Top of PROVIDED INFORMATION
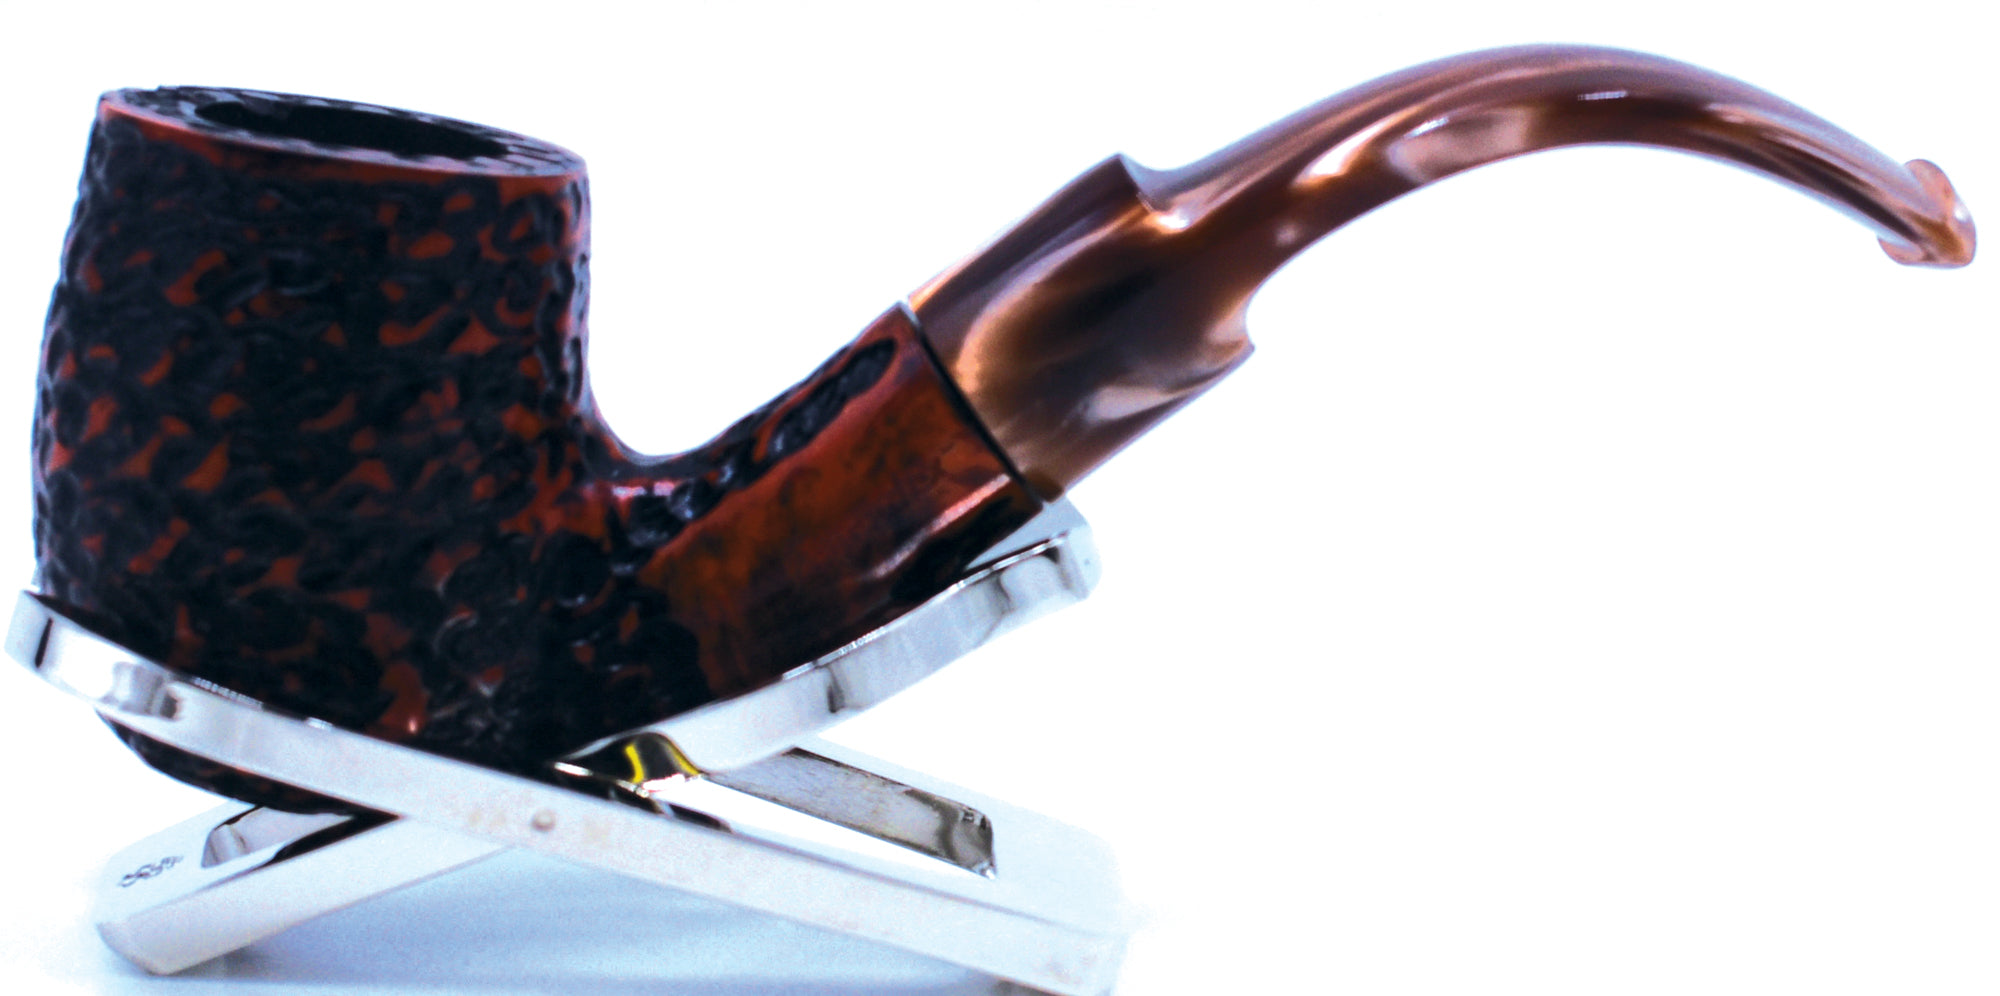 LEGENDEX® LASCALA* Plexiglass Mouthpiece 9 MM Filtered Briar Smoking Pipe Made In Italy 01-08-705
Bottom of PROVIDED INFORMATION
Top of PROVIDED INFORMATION
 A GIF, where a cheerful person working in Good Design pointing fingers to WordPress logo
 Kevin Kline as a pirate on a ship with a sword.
Bottom of PROVIDED INFORMATION
Top of PROVIDED INFORMATION
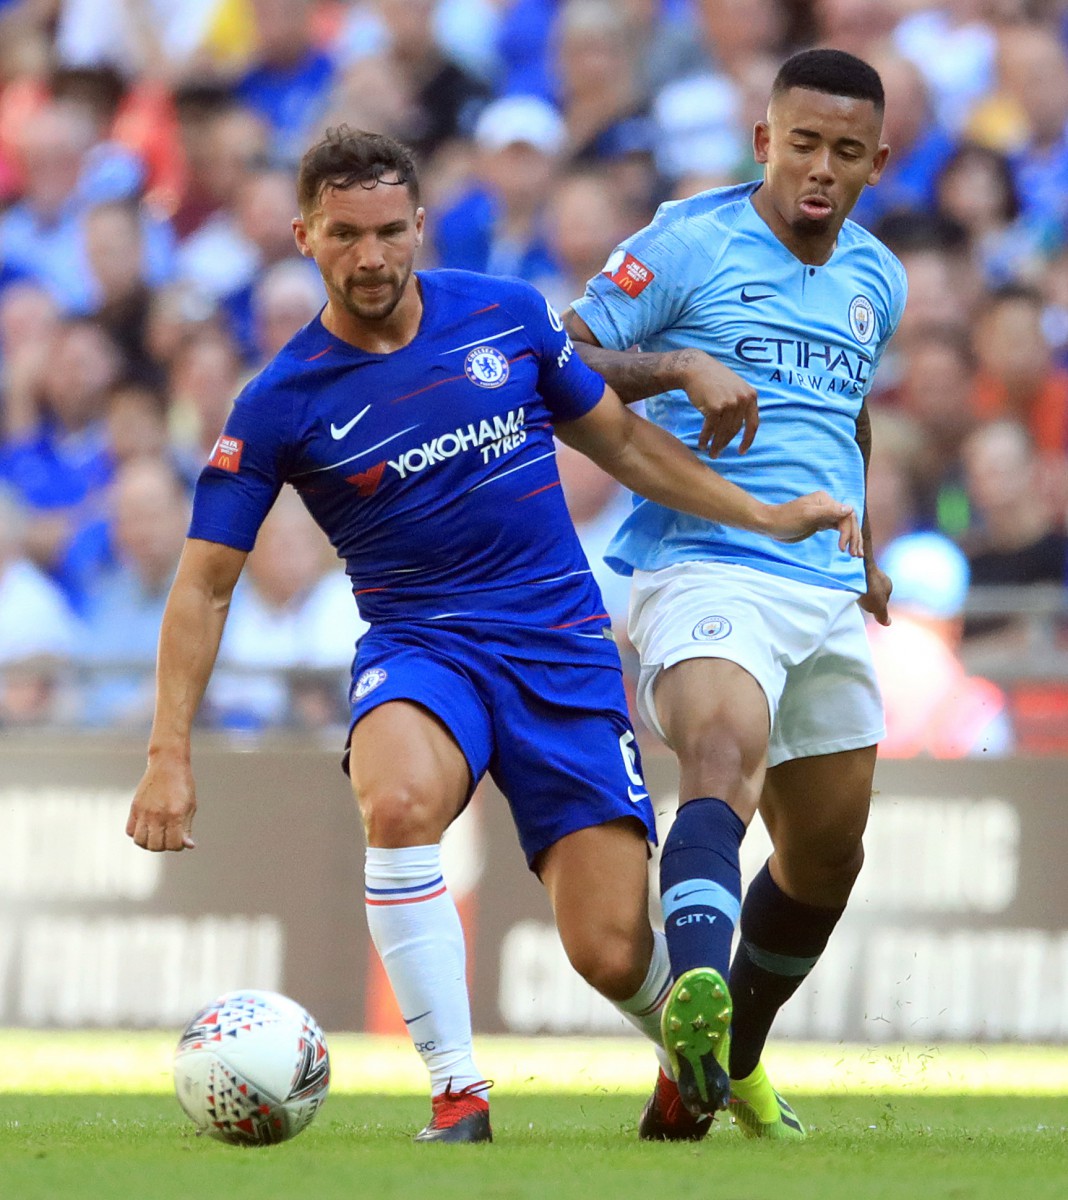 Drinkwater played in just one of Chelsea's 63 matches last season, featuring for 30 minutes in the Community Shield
Bottom of PROVIDED INFORMATION
Return exactly, and only, the lines above starting at the line that contains "A GIF, where" and ending at the line that contains "Kevin Kline as".

 A GIF, where a cheerful person working in Good Design pointing fingers to WordPress logo
 Kevin Kline as a pirate on a ship with a sword.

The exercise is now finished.